All the tricks were variations of this. I would tear up a leaf and count the pieces, keeping track of the number. With the same clap of and reveal in his hands, he matched that number with an equal amount of identically colored, full leaves. Another involved crumbling up and crushing a dried leaf between his palms, bringing it up to his mouth, and blowing the pieces out of his hand leaving an intact, green leaf behind.
I never knew where Louis learned these magic acts; I certainly didn’t teach them to him. He almost seemed born with it, as if it was something innate in him. Or perhaps his real father was a woodland nymph who came to me in a dream and gifted me a part fey child. Louis claimed the trees told him how to do it, but that seemed as ridiculous as my immaculate conception theory.

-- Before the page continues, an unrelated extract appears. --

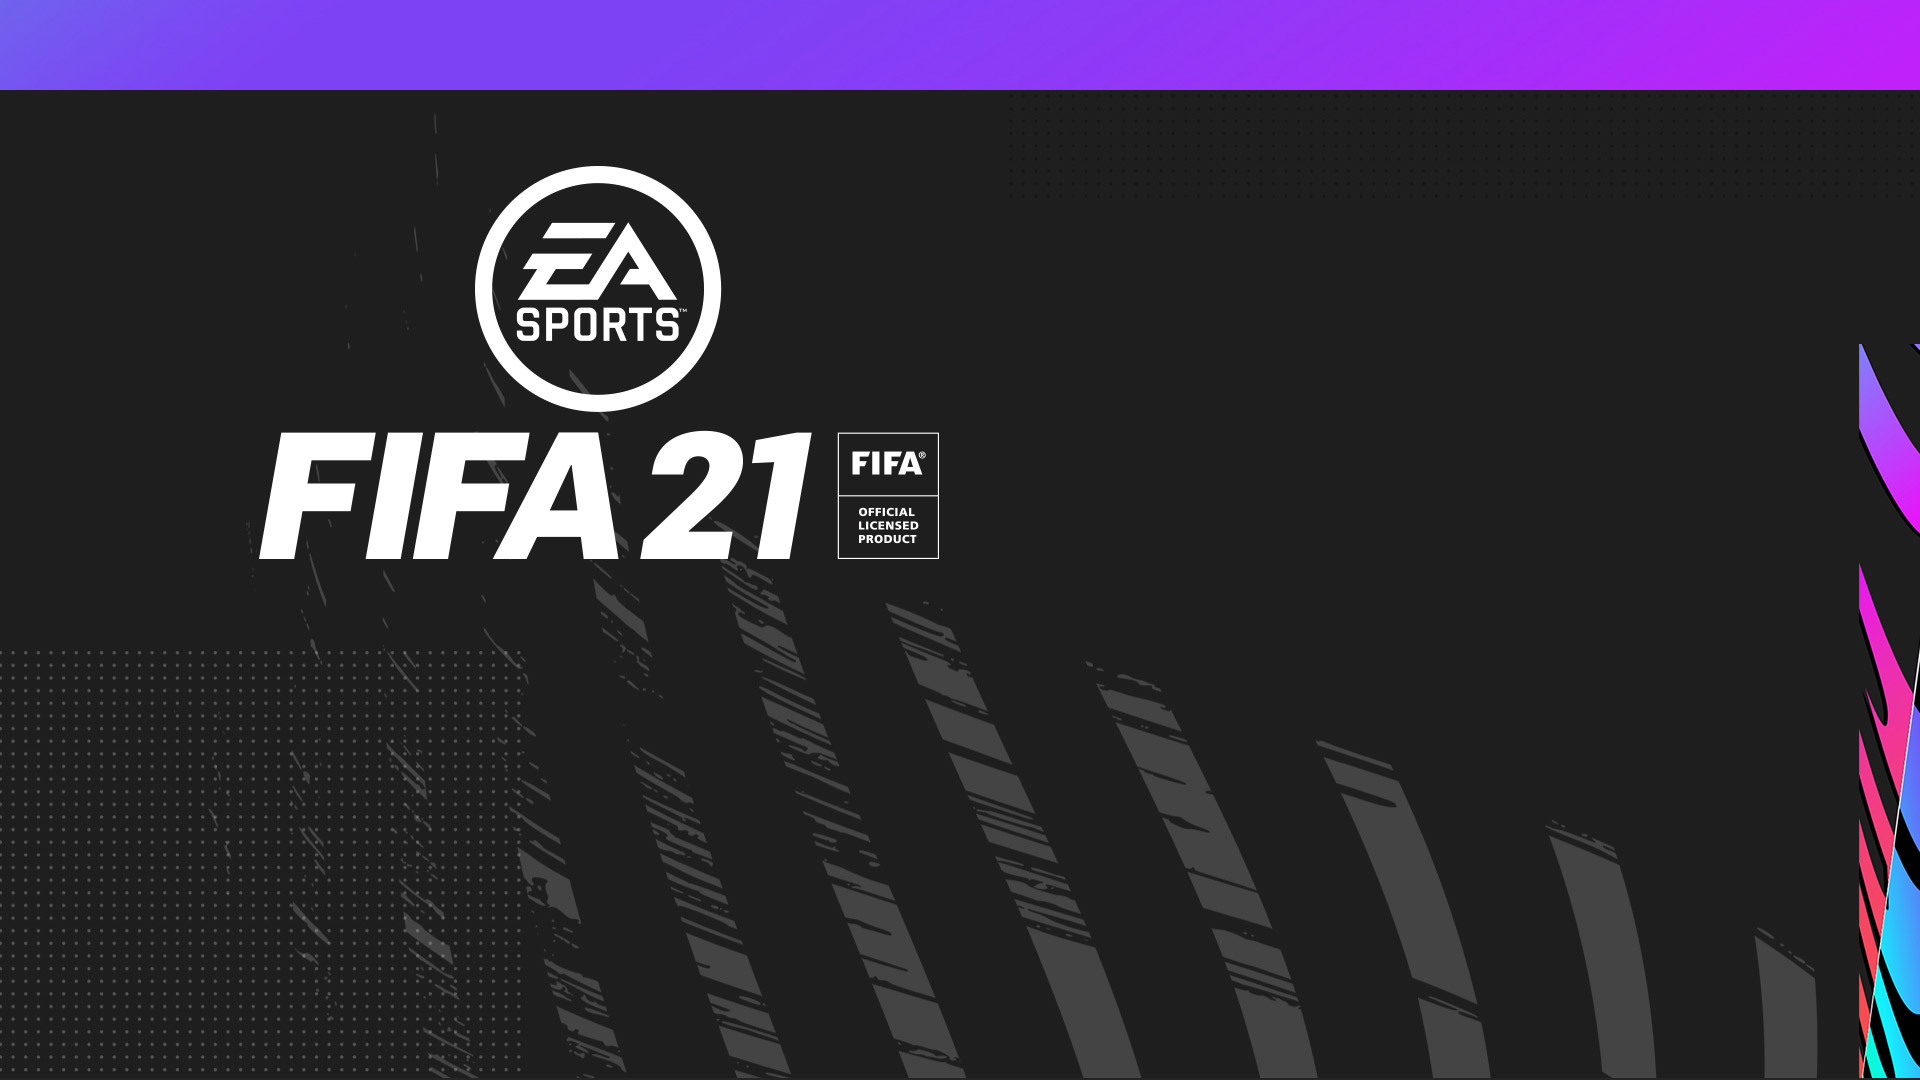 نسخه رایانه های شخصی بازی FIFA 21 بر پایه نسل هشت خواهد بود
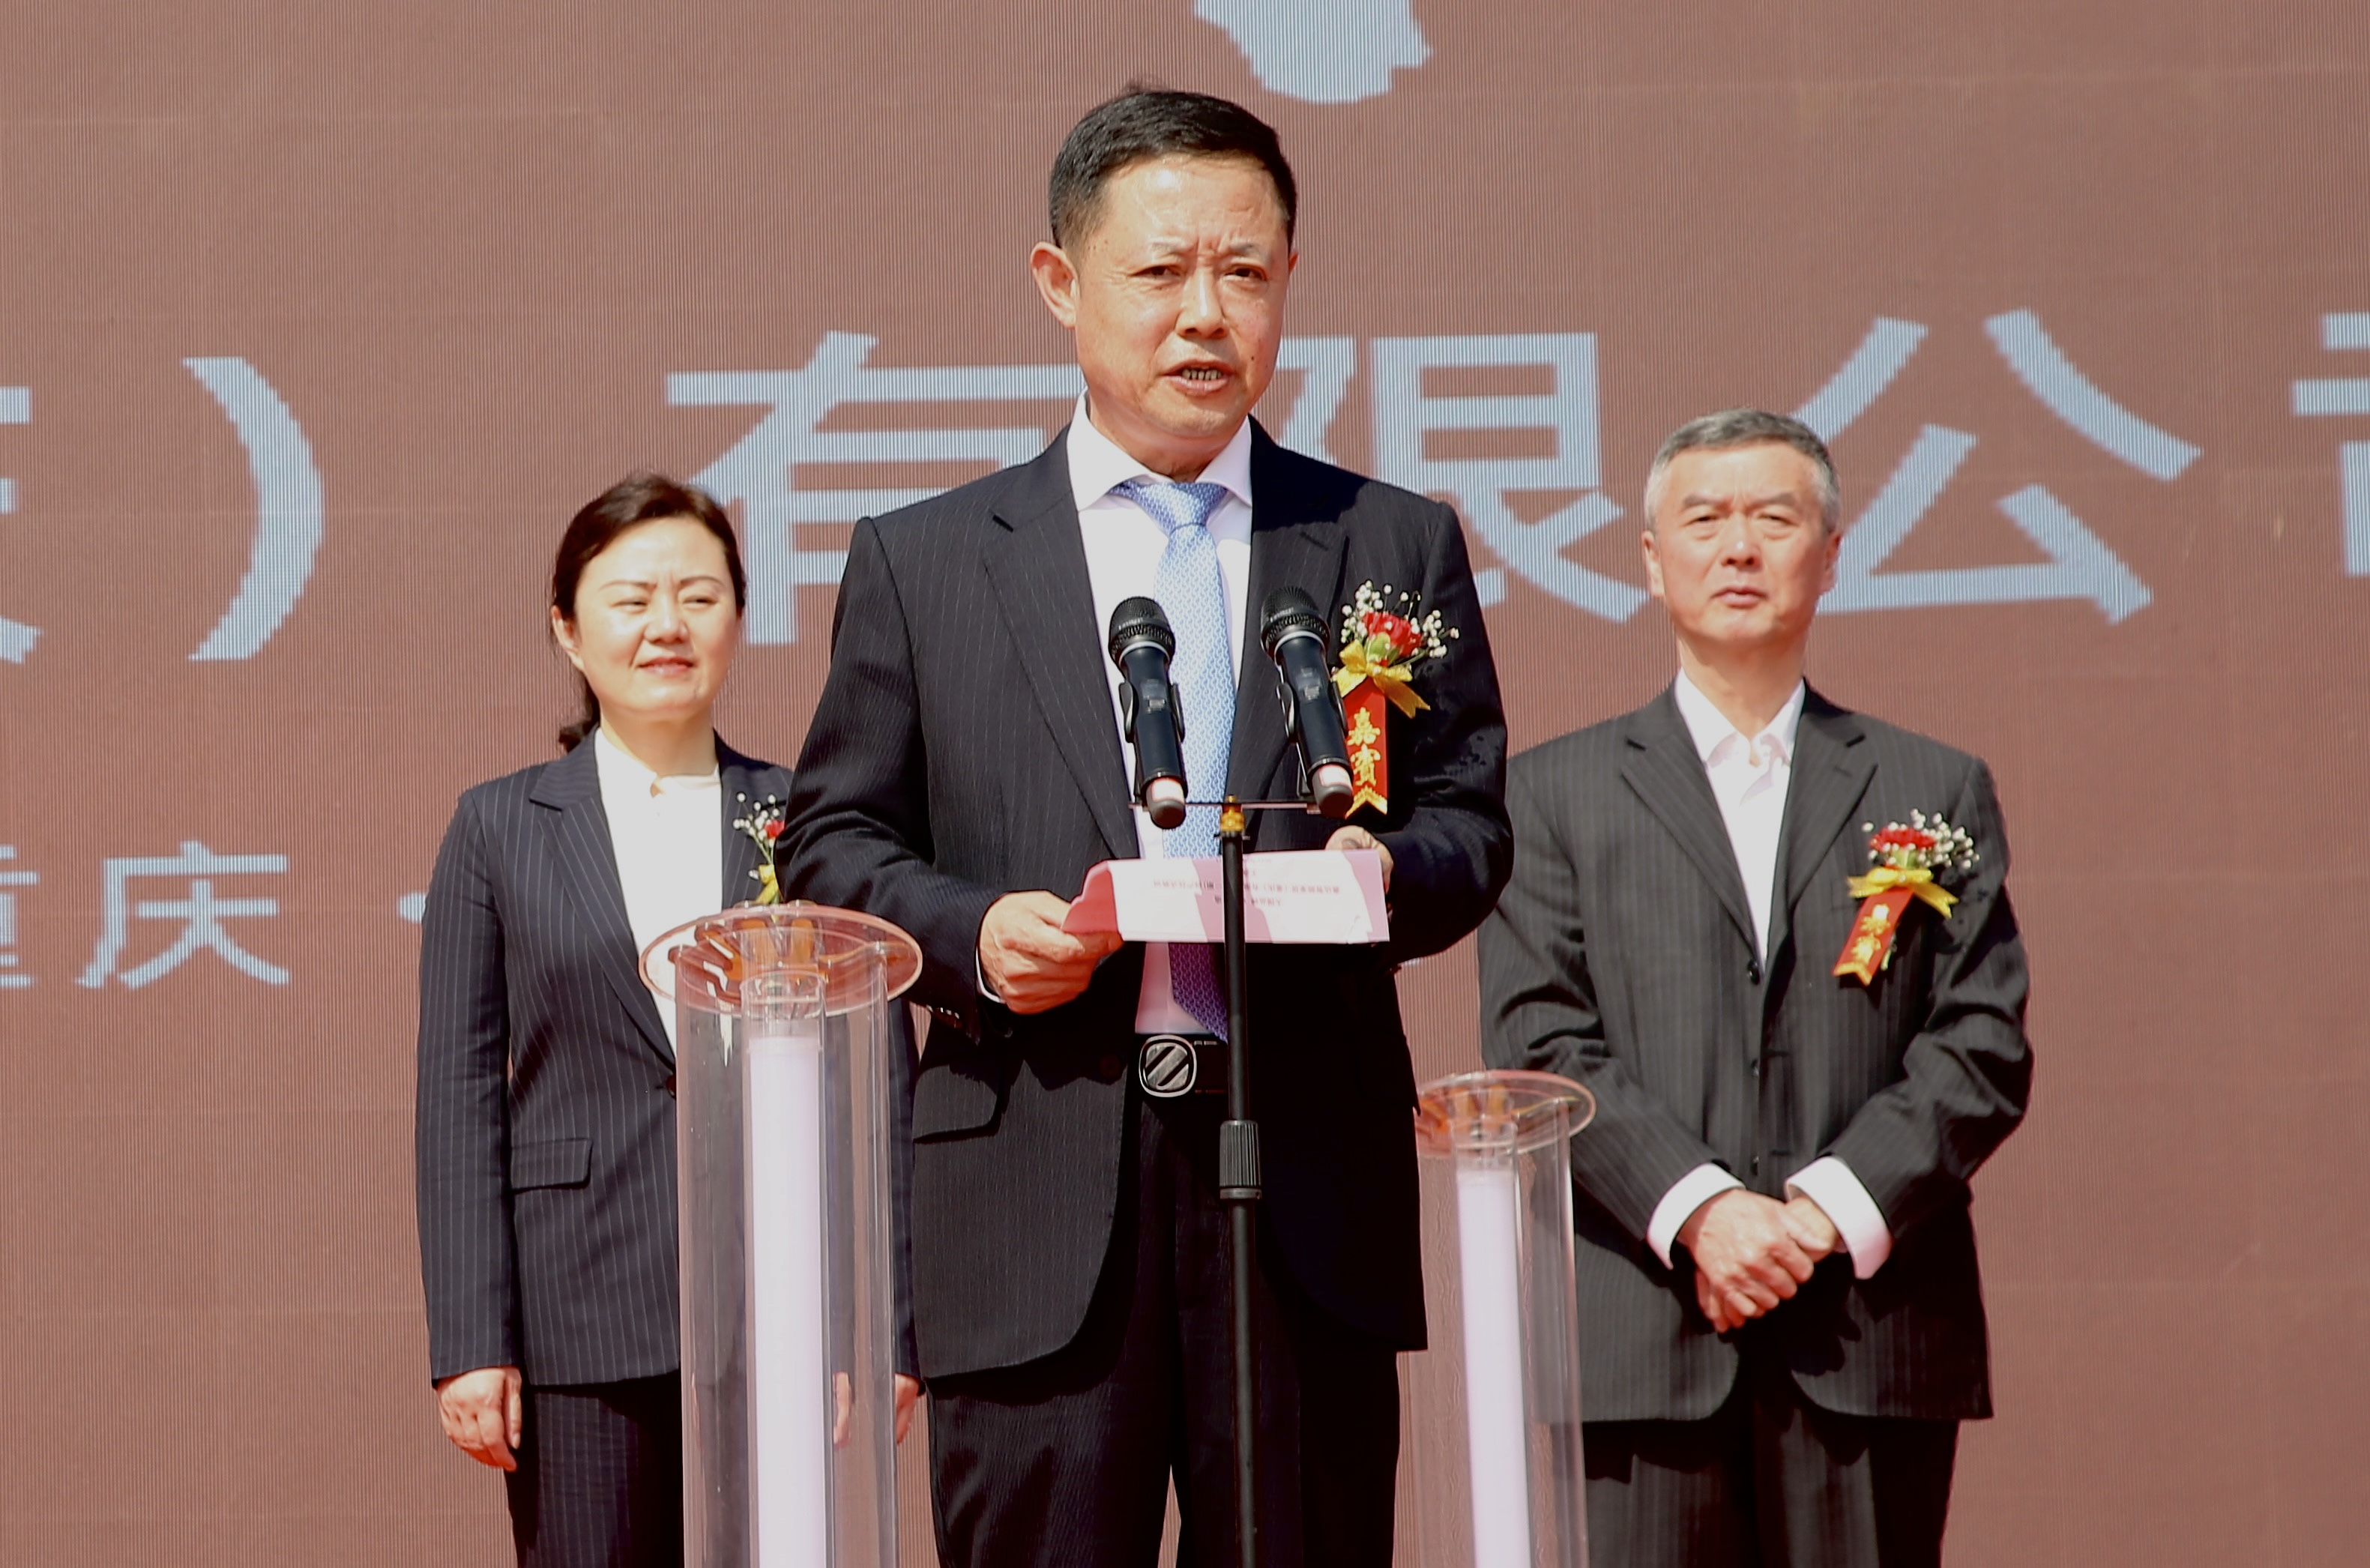 惠达智能家居5G+数智化工厂投产仪式在重庆盛大举行，展现“大国品牌 中国智造”

I only had one rule though: no leaves in the house. It was hard enough keeping it tidy with a growing boy, the addition of them stuffed under the couch or into pillows or left in his pockets for the laundry was too much. However, he never fussed about it. He never pouted or even tried to convince me with teary eyes or honeyed words. The leaves were always left just outside the door before coming in and, strangely, seemed to wait for his return, unmoving from the spot they were dropped. Though, part of me imagined he simply magicked them into and out of his room whenever he pleased. If I never saw them, does it really matter?
He did have a faux leaf cape we crafted on a Halloween a few years ago. Well, cape isn’t entirely accurate, it was really more of a blanket that functioned as both. Some days, he’d march around with it on, part of it dragging along on the floor behind him. Others, he’d curl up with it near a window where he’d watch the leaves fall from the tree line. And yet, on other days, Louis tried to perform tricks with it, though it seemed whatever power he possessed only worked on the real ones and not their silken, dyed counterparts.
His favorite indoor act was to run up to me, arms outstretched with a corner of the blanket in each hand and throw it over himself as he crouched to the floor. The idea was that I wouldn’t be able to see him, that the only thing that would be left in front of me was the blanket and nothing else. I played along not wanting him to start questioning his other magic tricks. Deep down though, I think he knew it wasn’t really working. There was always a slight tinge of disappointment on his face after the blanket was removed. It didn’t stop him from practicing almost daily.
One day, I caught him outside with his bed sheet ripped from the mattress. He was attaching leaves from a pile onto it, though how I couldn’t figure out. There was no glue, no thread and needle, no tape; nothing that would bond the two together. He simply placed a leaf and it stayed in place. After a bit, a full, real, leaf cape was formed, appearing eerily like the faux one inside. Louis ran around holding it above his head, it trailing and waving behind him. None of the leaves fell off, they were more secure there then on the trees.
He then stopped in front of me, the pose indicating preparation for his vanishing act. There was a pause as he looked in my eyes and smiled. Arms moved down, then up, then over. The blanket parachuted above him before dropping to the ground and consuming his body. But his crouched silhouette wasn’t there like all those other times; the blanket lay flat on the grass. Louis wasn’t underneath, all that remained beneath was a pile of leaves. He disappeared completely.